Public–private investments in new environmental risk–benefit analytical approaches, including the identification of information needs; the development of assay methods and laboratory and field-study designs and monitoring protocols; and models (conceptual through computational) to inform risk assessments across appropriate biological, spatial, and temporal scales can also be used to address potential ecological outcomes associated with future open-release biotechnology products.
Enhancing the Capabilities, Expertise, and Tools of Regulatory Agencies
In the previous sections of this report, needed risk-analysis knowledge and technological capabilities were noted. Chapter 2 describes types of future biotechnology products, many of which will not have obvious comparators to nonbiotechnology products and in turn may require a new generation of risk-analysis approaches. Some of the use patterns for future products also highlight the need for developing spatially and temporally explicit risk-assessment capabilities. In addition, Chapter 2 points to the potential increase in the sheer number of products that may need to be assessed in the future, which highlights the need for an effective, high-throughput risk-analysis system. In Chapter 4, the need for probabilistic assessments to better interpret comparative risk assessments and management options was introduced. The above section “Consistent, Efficient, Effective Decision-Making Processes for Future Products of Biotechnology” also raises the need for assessing similarities and differences among biotechnology products and anticipates a stratified assessment process that in some cases will be highly reliant on access to existing risk-analysis data or data summaries for biotechnology products already in the market. To this end, a suite of publicly available physical and computational models and methodologies that can be accessed for risk assessments with different degrees of complexity would be helpful. Examples of sampling designs and indicators to support post-market surveillance and monitoring programs would also be beneficial.
To organize the discussion on risk-analysis tools needed for products expected in the next 5–10 years, the committee adapted categories of future research needs prepared through workshop deliberations addressing the need for a research agenda exploring the ecological implications of synthetic biology (Drinkwater et al., 2014) and a workshop and Delphi study on synthetic-biology governance (Roberts et al., 2015). The research areas identified to address gaps in risk analyses include many of those the committee sought information for in its request for information (RFI) to federal agencies (see Chapter 4 and Appendix C): comparators, off-target gene effects, and phenotypic characterizations; gene fitness, genetic stability, and horizontal gene transfer; control
of organismal traits; monitoring and surveillance; modeling and life-cycle analyses; and economic and social costs and benefits. The responses to the RFI indicate that some work is being done in these areas, but the committee thinks it is likely insufficient for the number and kinds of biotechnology products the agencies can expect to see. The committee also identified molecular characterization and standardization of risk-analysis methods and data management as areas in need of research.
Comparators, Off-Target Gene Effects, and Phenotypic Characterization
As discussed earlier in this chapter, there is a need to advance quantitative comparisons that can facilitate assessment of future biotechnology products. A key characteristic of the risk-assessment process in use at the time the committee was writing its report was comparability between biotechnology products and their nonbiotechnology counterparts. However, as noted in Chapter 4, the use of nonbiotechnology comparators is becoming more challenging. Transformations can be made in host organisms that are not well characterized, and there may not be baseline data on the nontransformed counterpart host. Furthermore, some new biotechnology products may contain only synthetic DNA, which would have no nonbiotechnology counterpart. Therefore, the idea of “comparator” may need to expand to include similar existing biotechnology products with which regulatory agencies already have experience.

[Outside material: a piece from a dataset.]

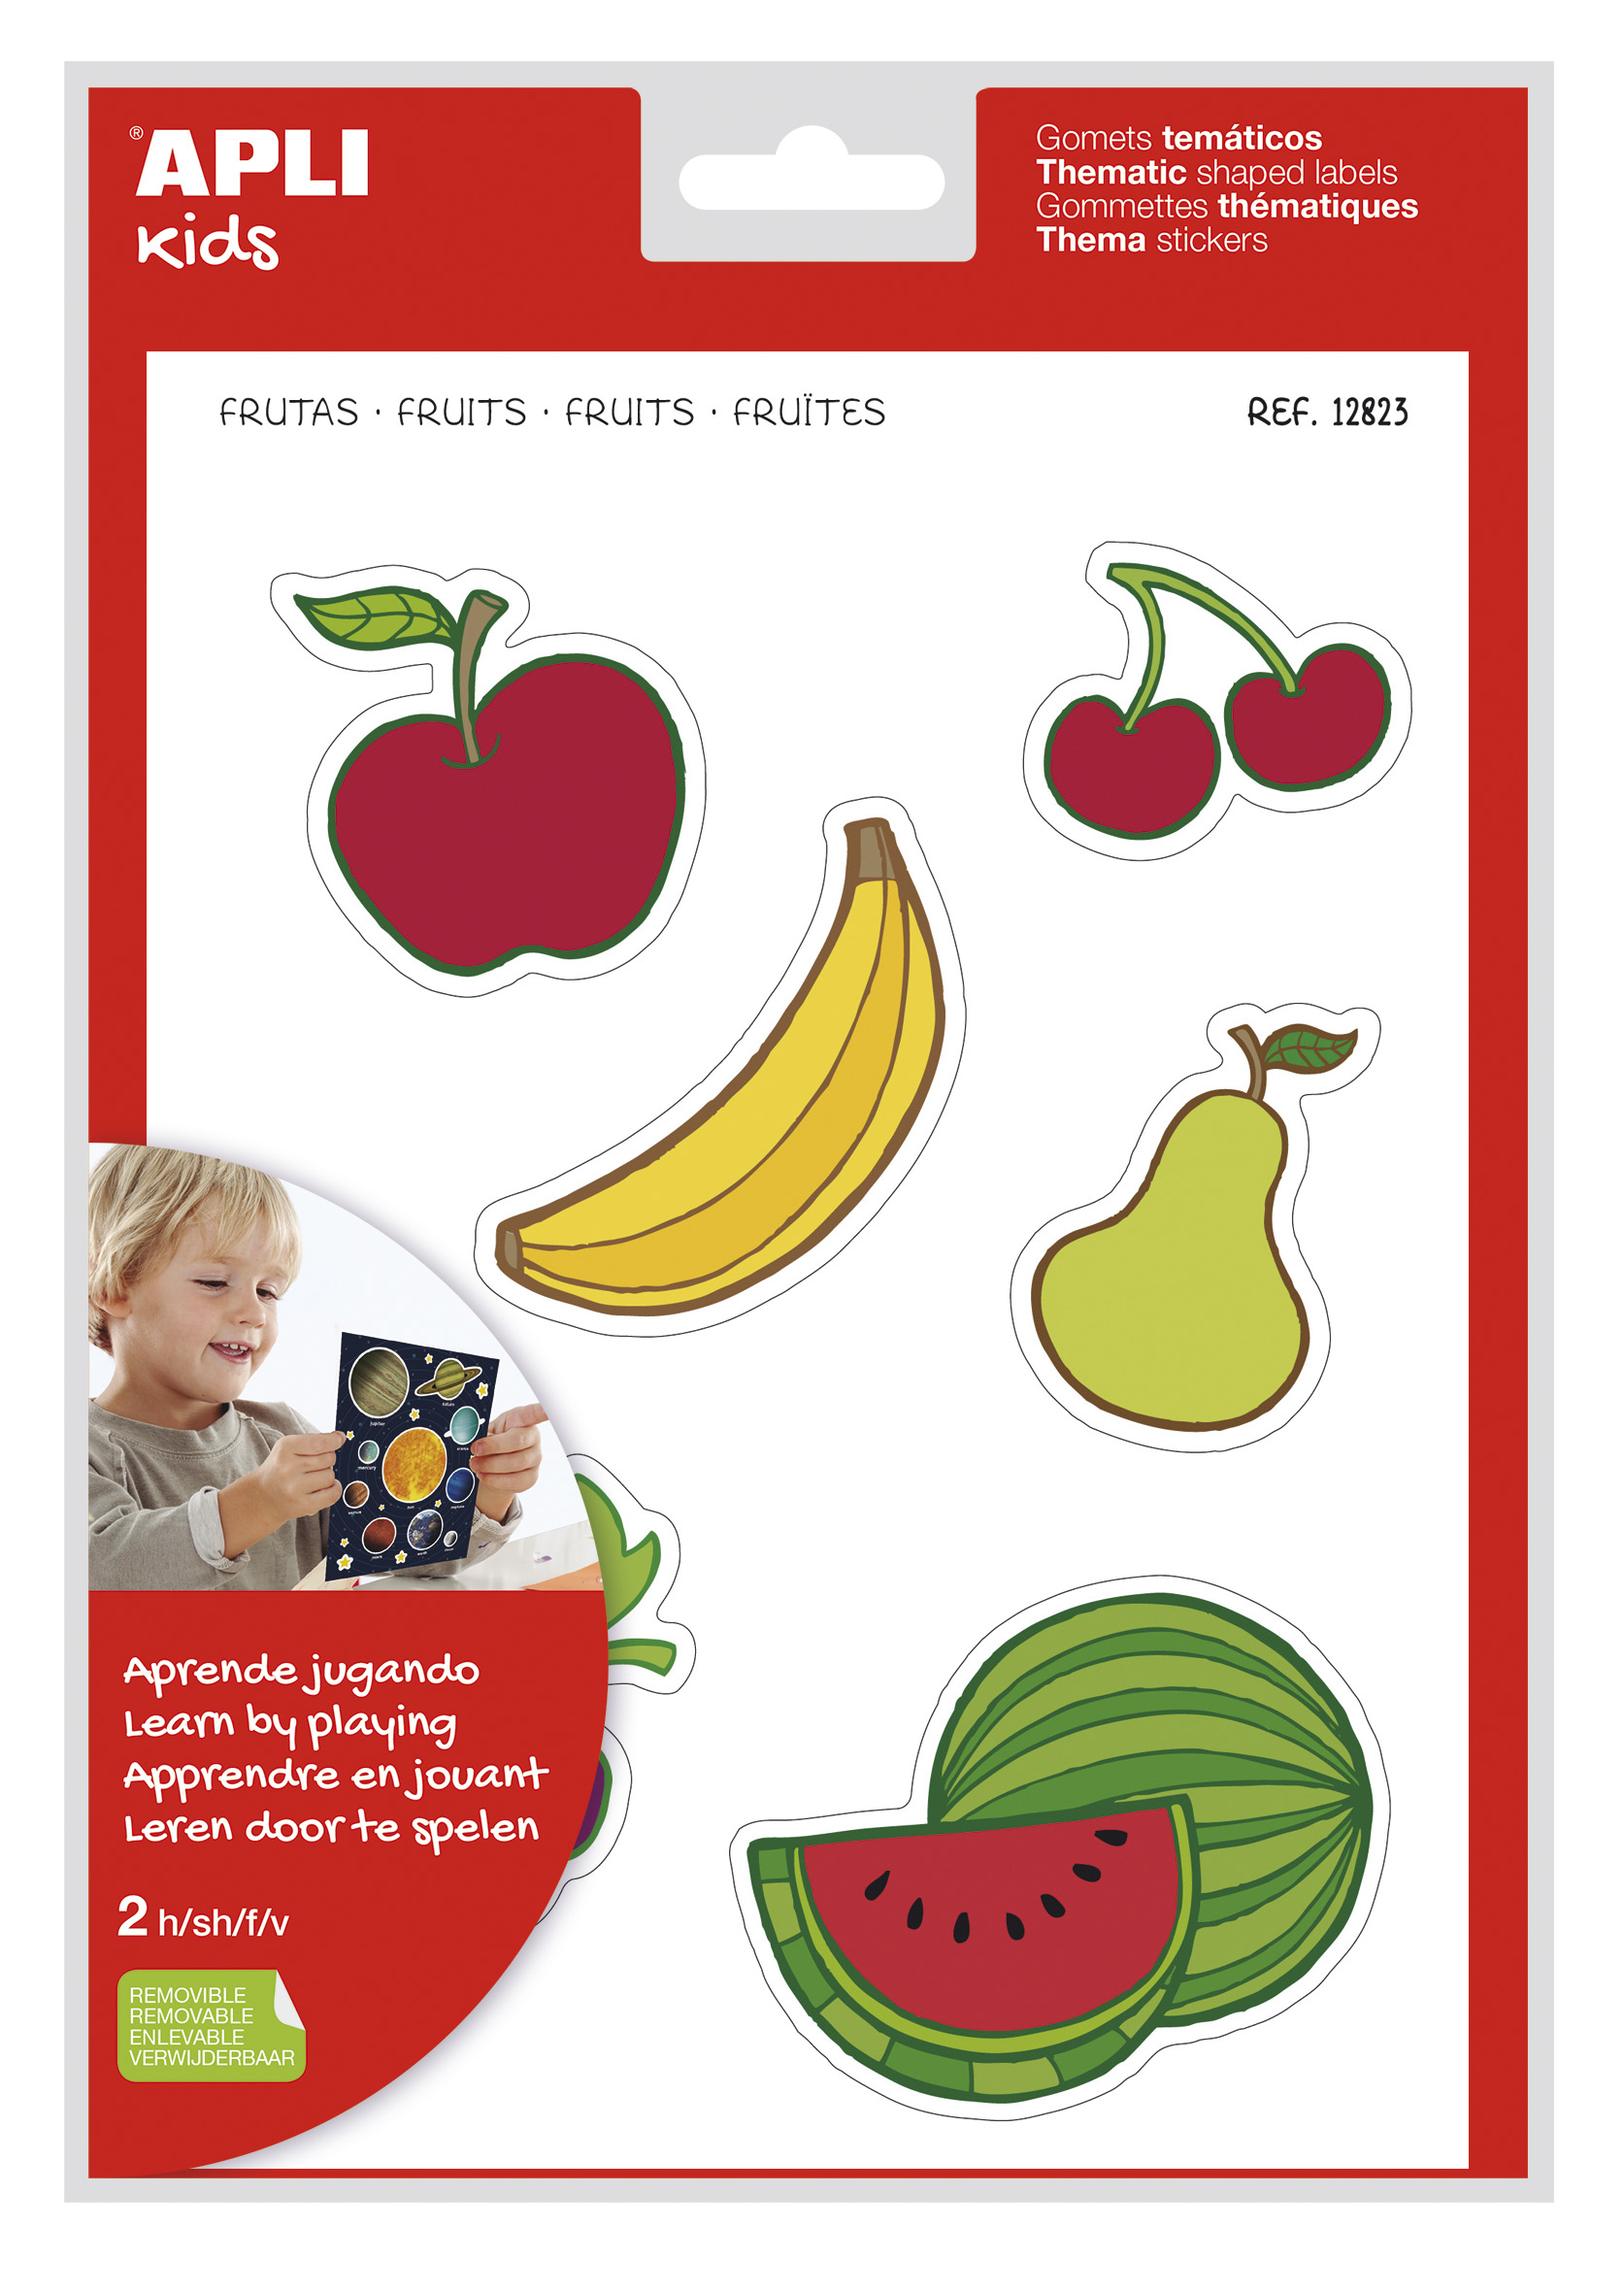 LOT de 5 Apli Fruit Theme Stickers xL - 22 Stickers sur 2 Feuilles A4 - Développé avec des éducateurs - Adhésif Amovible - Sûr et Écologique - Illustrations Amusantes - Taille XL sans Bordure - Coloré

Methods to quantitatively compare products will be needed for determining which bin is appropriate for a new product; selecting data from other product data sets for screening-level risk assessments or problem formulation; selecting data to use in effects or exposure analysis steps in a risk assessment; and selecting data to generate a risk characterization of a new product and/or place a characterization of a new product in context with an existing, similar product. Elements of a risk assessment are typically considered against baseline nonbiotechnology comparators to address whether, other than the intended change of the modification, the observed attributes of the transformed organism represent a substantive change relative to the comparators. The degree of uncertainty in making comparisons will need to be quantified given that different risk-assessment steps or scenarios can tolerate different levels of uncertainty at key decision points; that is, findings in risk assessments are worded in language specific to the statute under which they are being evaluated, but in every instance represent an “as safe as” determination.

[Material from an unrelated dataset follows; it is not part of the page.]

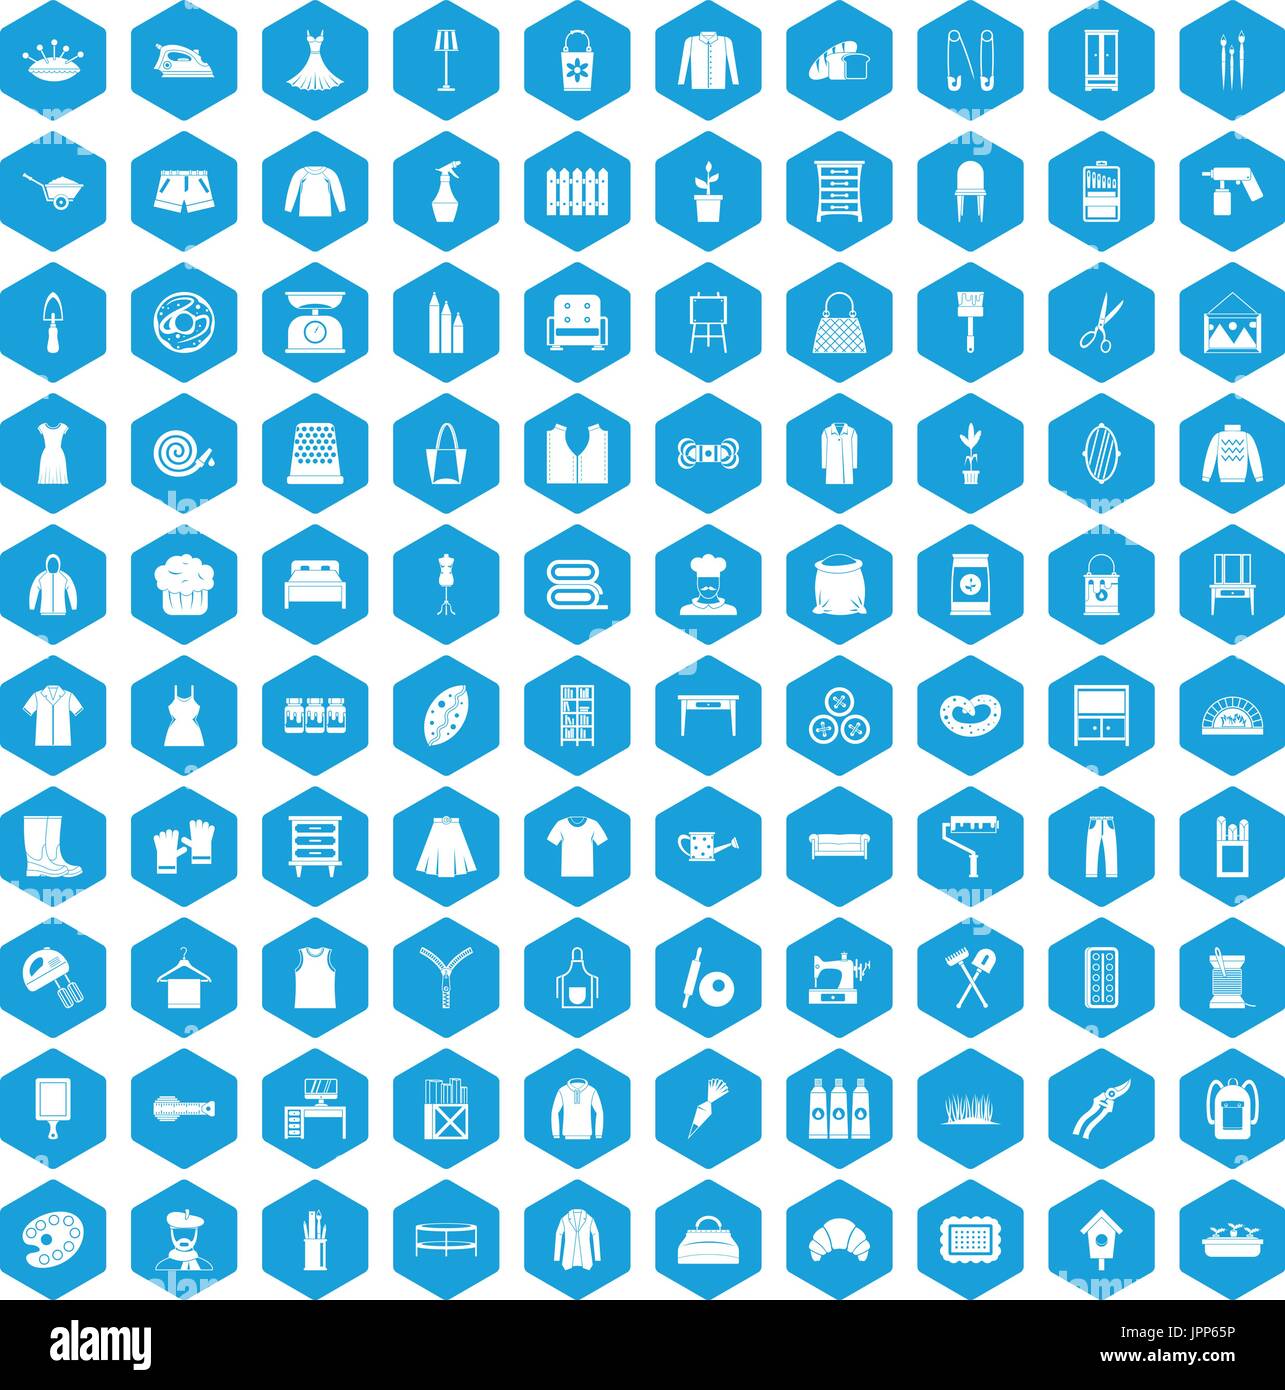 100 Handarbeit Icons set blau Stock Vektor

Research approaches need to address questions raised by risk assessors and managers concerning comparisons that are context specific and reflect the need to assess similarity across levels of biological organization and spatial and temporal scales. Issues and questions raised in risk analyses can inform development of a research agenda. For example, products may be comparable at one level of biological organization, but not at other levels (for example, target genes and off-target genes and their expression, to protein structure and function, to biochemical function, tissue/organ function, organismal, population, and community effects). There may be variability in comparability for the same biotechnology product under different environmental conditions. Products may be comparable in terms of affecting a common physiological function, but the mechanisms by which they initiate the physiological responses could be very different. Some products may be comparable in terms of the genes being manipulated, but the commercial application of the products and their use patterns may be different. Depending on the risk-analysis question, the products may be considered comparable (that is, two open-release products initiate perturbations in the same invasive weed organism in a similar manner, but with some differences in off-target gene effects), but in the context of their environmental-effects analysis and their impact on nontarget organisms they may or may not be comparable: If one product has been deployed in Gulf Coast estuaries, how comparable will its effects be to the other product’s effects if it is intended for open release in estuaries along the U.S. mid-Atlantic coast?

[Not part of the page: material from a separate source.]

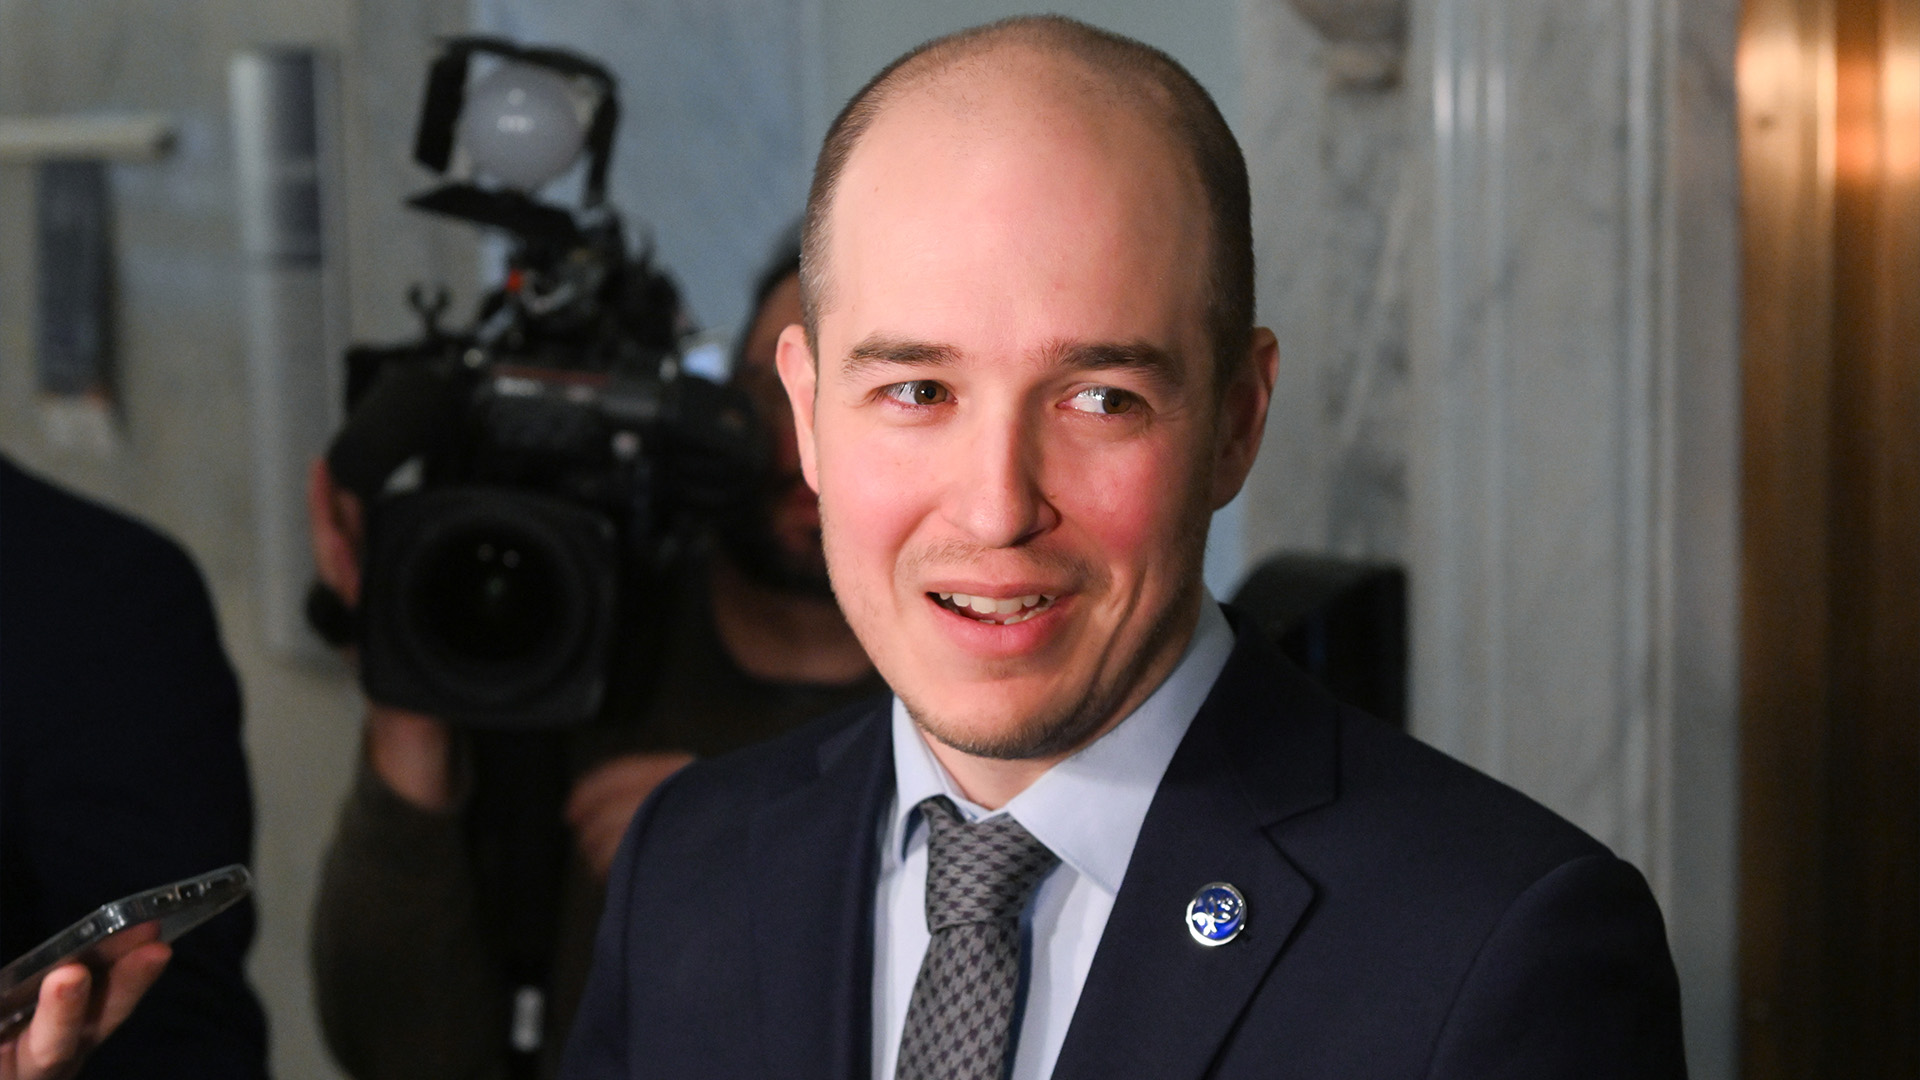 Le leader parlementaire de Québec solidaire, Alexandre Leduc, répond aux questions des journalistes le mercredi 2 novembre 2022 à l'Assemblée législative de Québec.

Research in this area will also need to support computational approaches for estimating missing data from data available for existing, comparable products and identifying gaps in specific information that may require targeted testing. A systematic approach, taking advantage of horizon scanning, to establish the biological knowledge bases needed to inform computational similarity analyses systems and develop decision-support systems to facilitate analyses will also be needed.
In addition to comparators, research on phenotypic characterization is also needed to advance understanding of trait function and potential ecological consequences over the short and long term as well as understanding on how environmental context can affect phenotypic expression.
Gene Fitness, Genetic Stability, and Horizontal Gene Transfer
Engineered organisms that reproduce can suffer mutations that affect the physiology of the organism, leading to the potential for “instability” in the genome (engineered genetic constructs mutating in ways that could cause loss of function). In addition, many organisms can incorporate DNA from their environment, leading to the possibility of horizontal gene transfer.8 Techniques to measure these properties, including how these properties may vary with different environmental interactions, are needed. This research area includes evaluation and advancement of environmental models to assess properties; engineering for unanticipated interactions; developing standardized metrics and quantitative thresholds; and the interplay of fitness and stability, especially if an organism loses its containment mechanism.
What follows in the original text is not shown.